Work task: Leave out every picture, and output exactly the lines from the line containing "Blick auf den" through the last line of the data.
#### Dataset excerpt ####
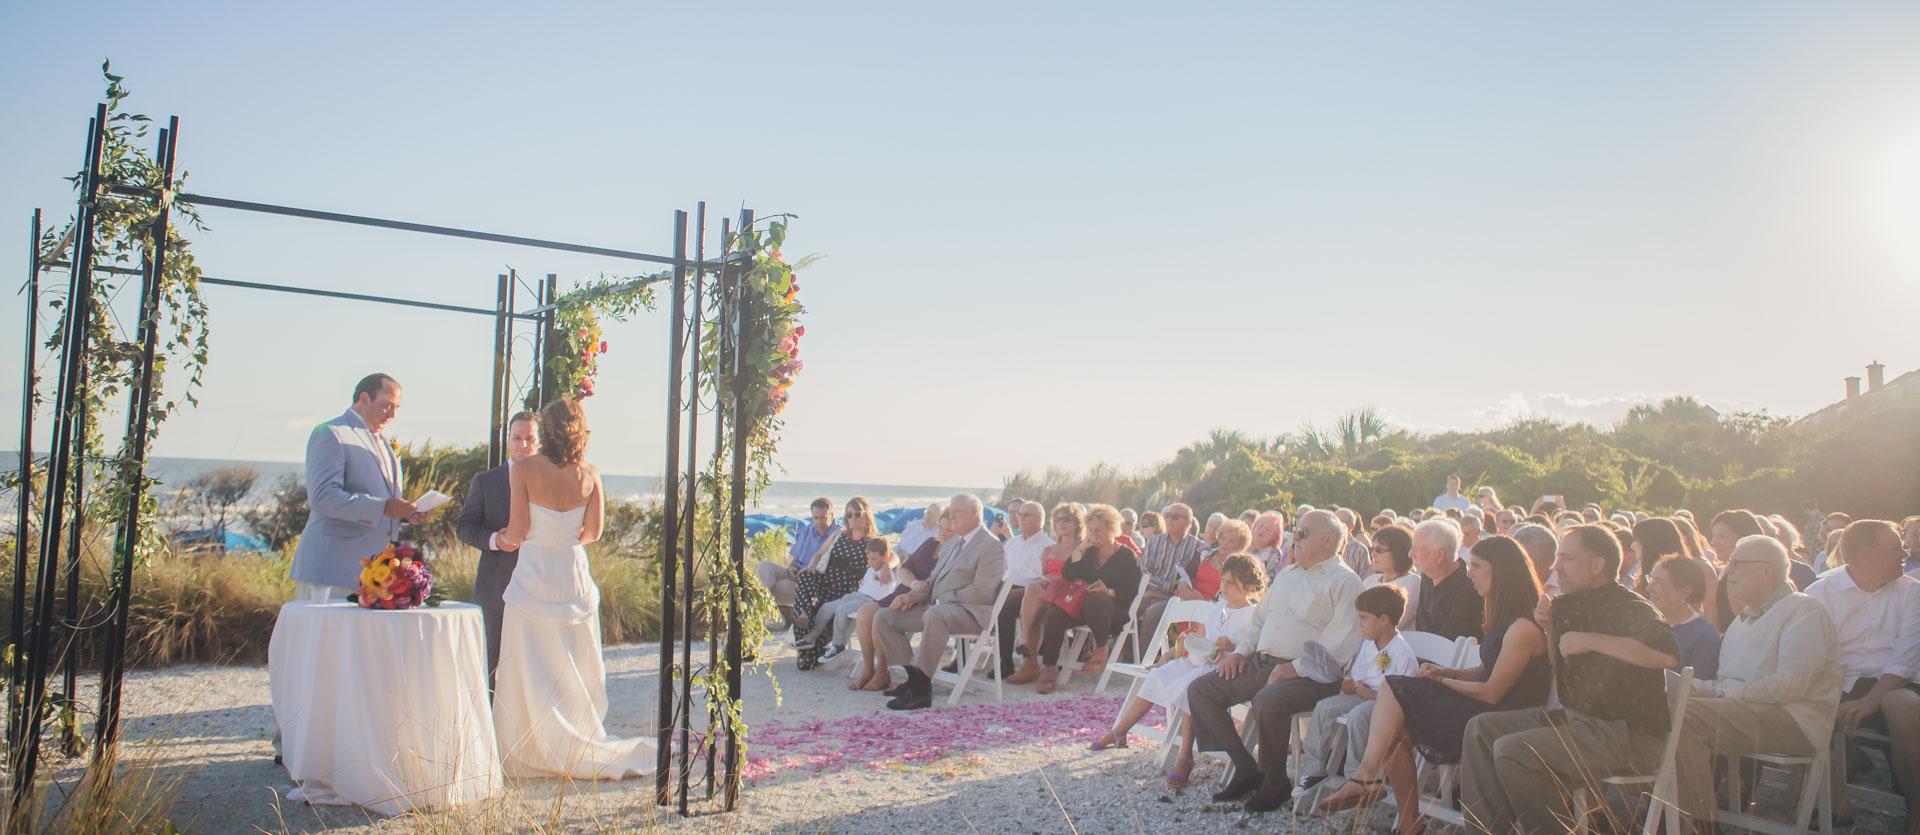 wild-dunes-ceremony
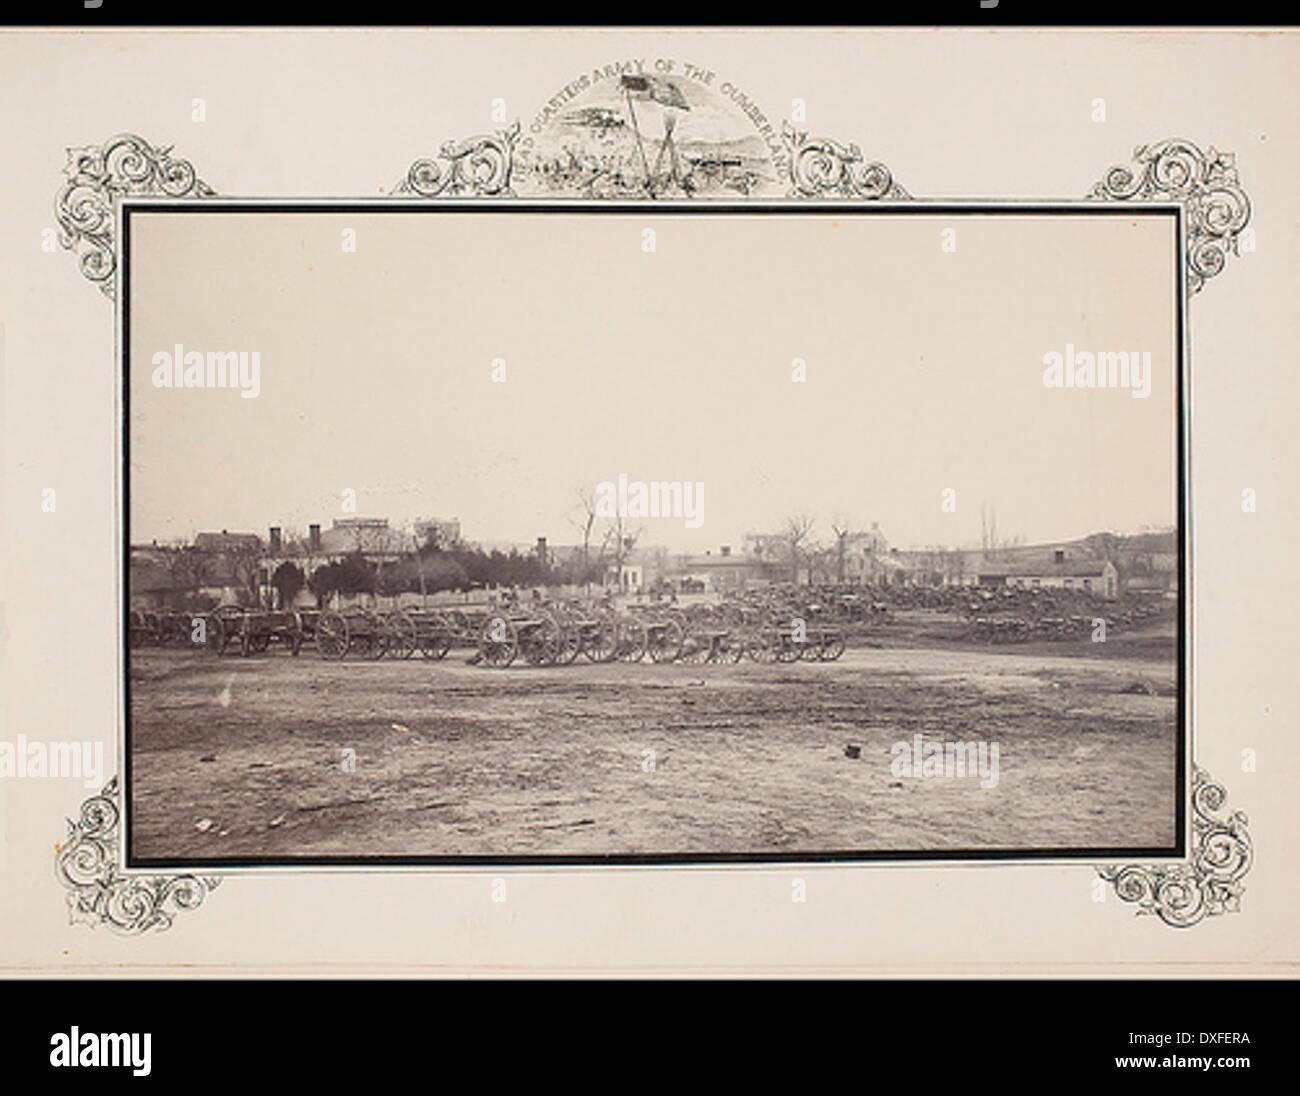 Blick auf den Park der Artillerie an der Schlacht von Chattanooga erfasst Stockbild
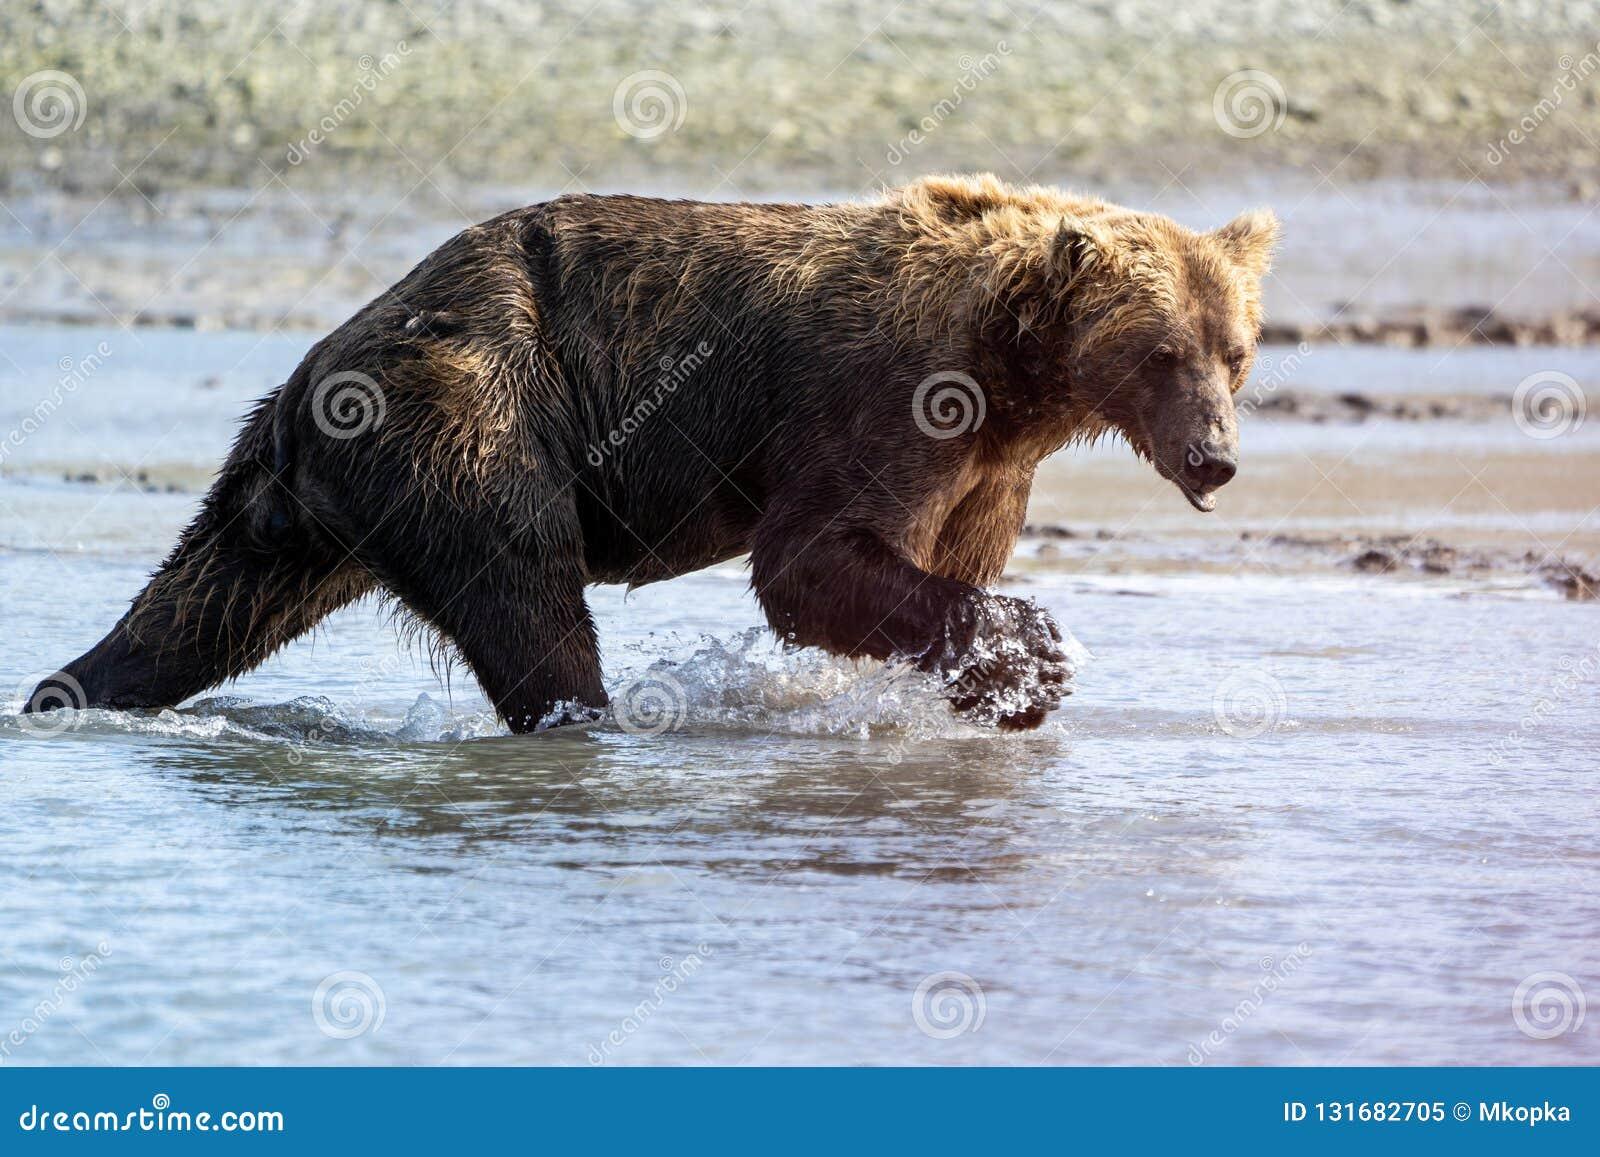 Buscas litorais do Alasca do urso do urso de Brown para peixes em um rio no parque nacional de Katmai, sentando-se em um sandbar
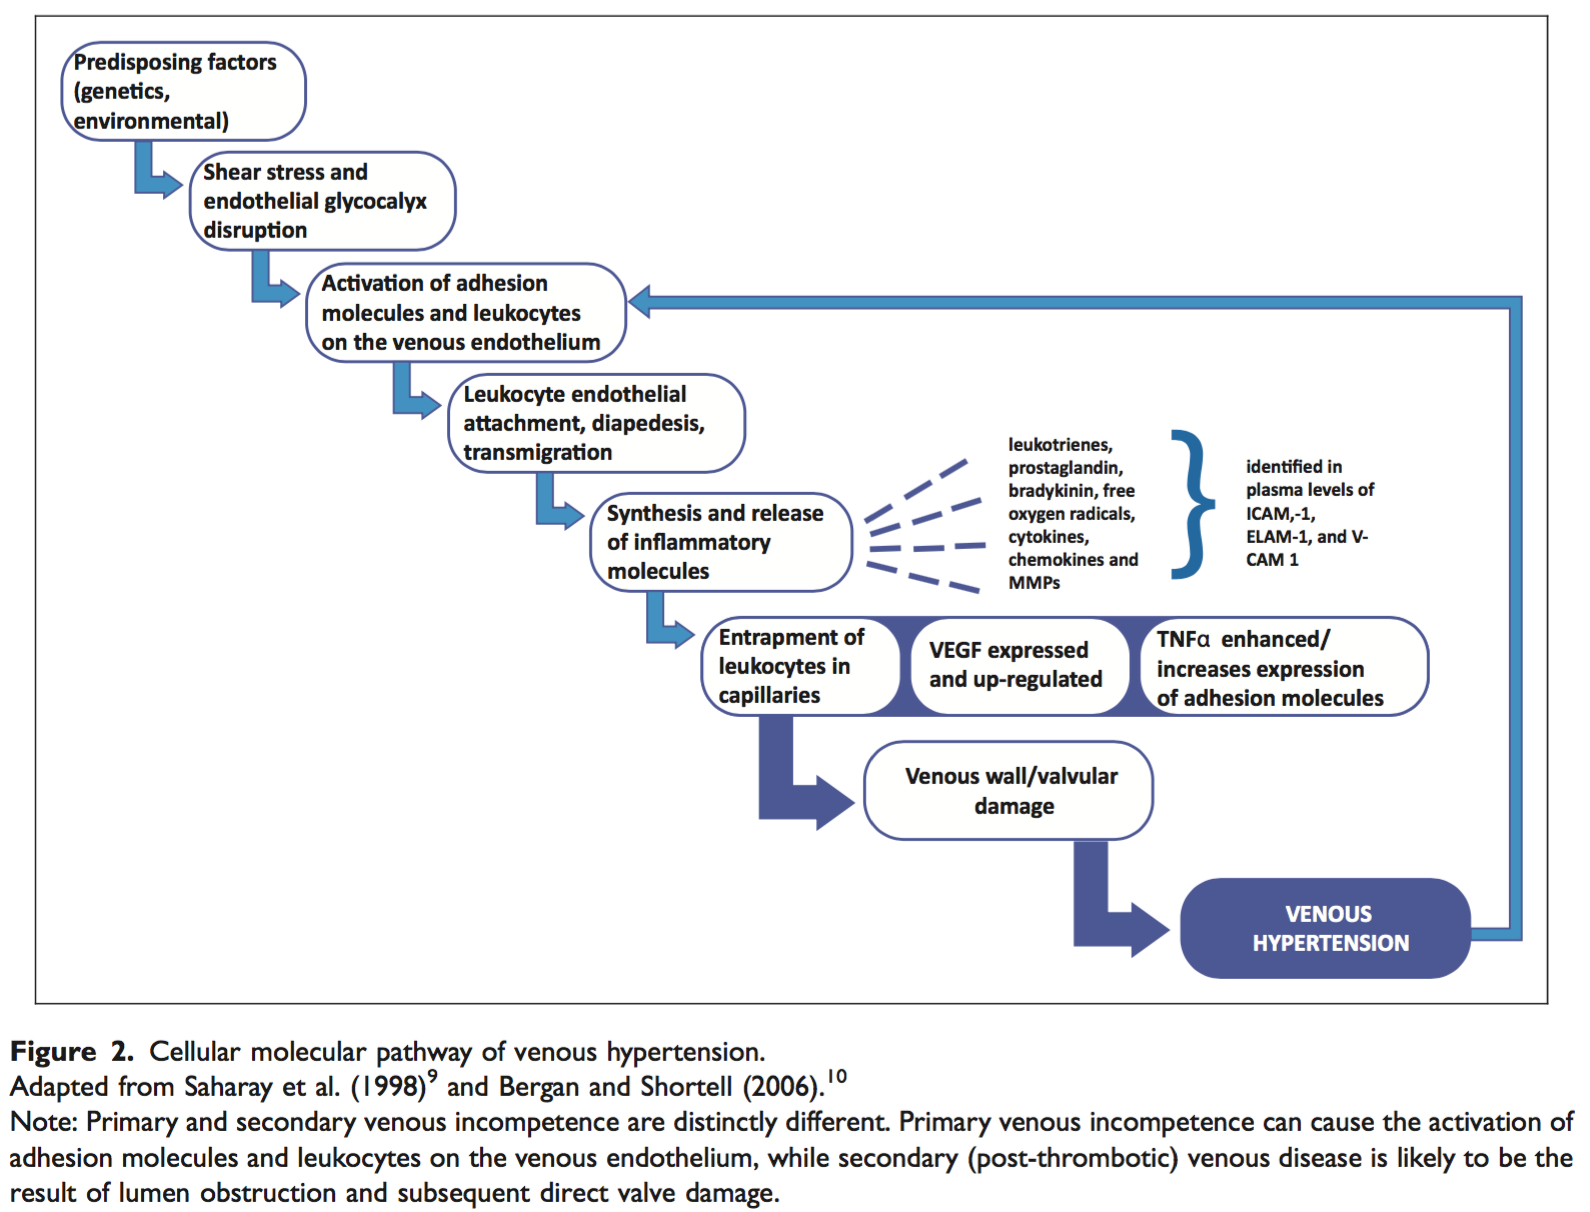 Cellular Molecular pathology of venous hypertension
####
Solution to the exercise:
 Blick auf den Park der Artillerie an der Schlacht von Chattanooga erfasst Stockbild
 Buscas litorais do Alasca do urso do urso de Brown para peixes em um rio no parque nacional de Katmai, sentando-se em um sandbar
 Cellular Molecular pathology of venous hypertension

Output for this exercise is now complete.